Leon Wolf reports at Red State (emphases in original):

The Washington State Human Rights Commission, a regulatory agency, has been empowered by the Washington State legislature to draft legally binding rules for businesses to prevent “discrimination” on the basis of “sexual orientation and gender expression[.]” The commission has released its final rule, and boy is it a doozy.

Among other things, the rule makes it illegal to ask “unwelcome personal questions about an individual’s sexual orientation, gender expression or gender identity, or transgender status.” In other words, not only can women not prevent a person with full male equipment from entering their restroom or locker room, they can’t even ask what he is doing there.

Given that the rule applies to schools as well as businesses, your child can now run afoul of this law if they encounter one of the increasing number of prepubescent kids who are victims of the particular species of child abuse where parents tell their 8 year old kid they are transgendered.

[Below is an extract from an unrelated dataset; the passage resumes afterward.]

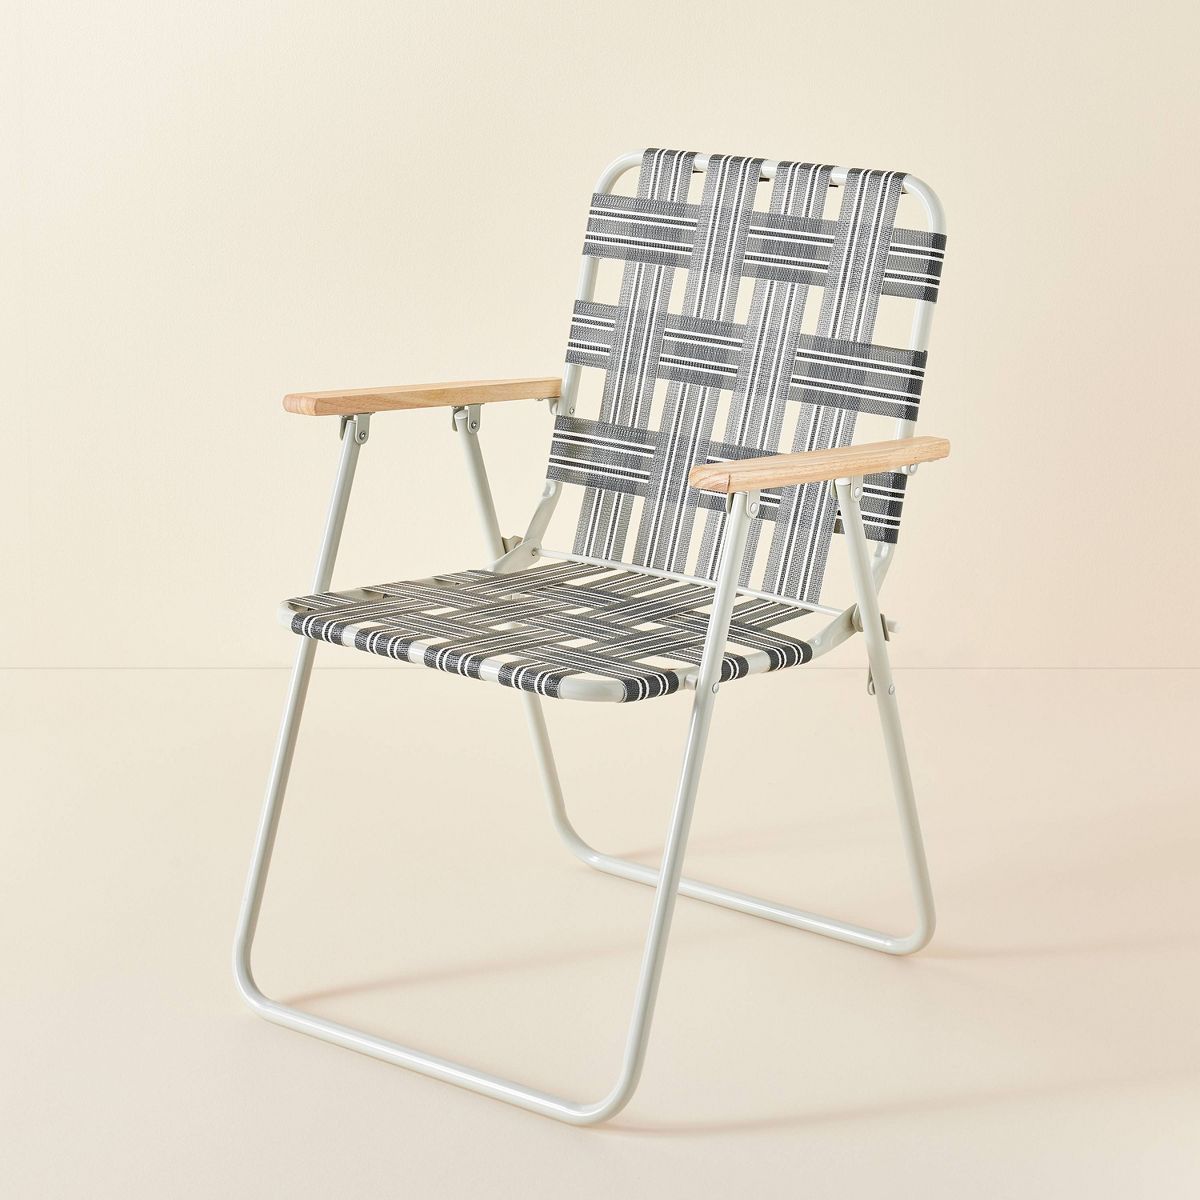 Folding Lawn Chair - Blue/Gray Plaid - Hearth & Hand™ with Magnolia | Target

As to what constitutes an “unwelcome” personal question about a person’s gender expression, the rule does not say; presumably, the person who is being questioned has sole discretion over whether to make someone into a lawbreaker or not.

The rule also makes it illegal for a business (including a school) to deliberately misuse the pronoun any person would prefer, thus meaning that Washington State has joined the city of New York in fining people who call human males “he” if they decide they want to be called “she.”

Our society has collectively lost its damn mind. It’s difficult to imagine a society so full of rot that it would allow a rule like this to be promulgated in a major political subdivision can expect to last for very long.

It is to laugh. Or to cry. Or maybe to engage in guerilla theater. What do you say, guys? Go to Seattle, join a gym, strut into the women’s locker room, and declare yourself a lesbian trapped in a man’s body!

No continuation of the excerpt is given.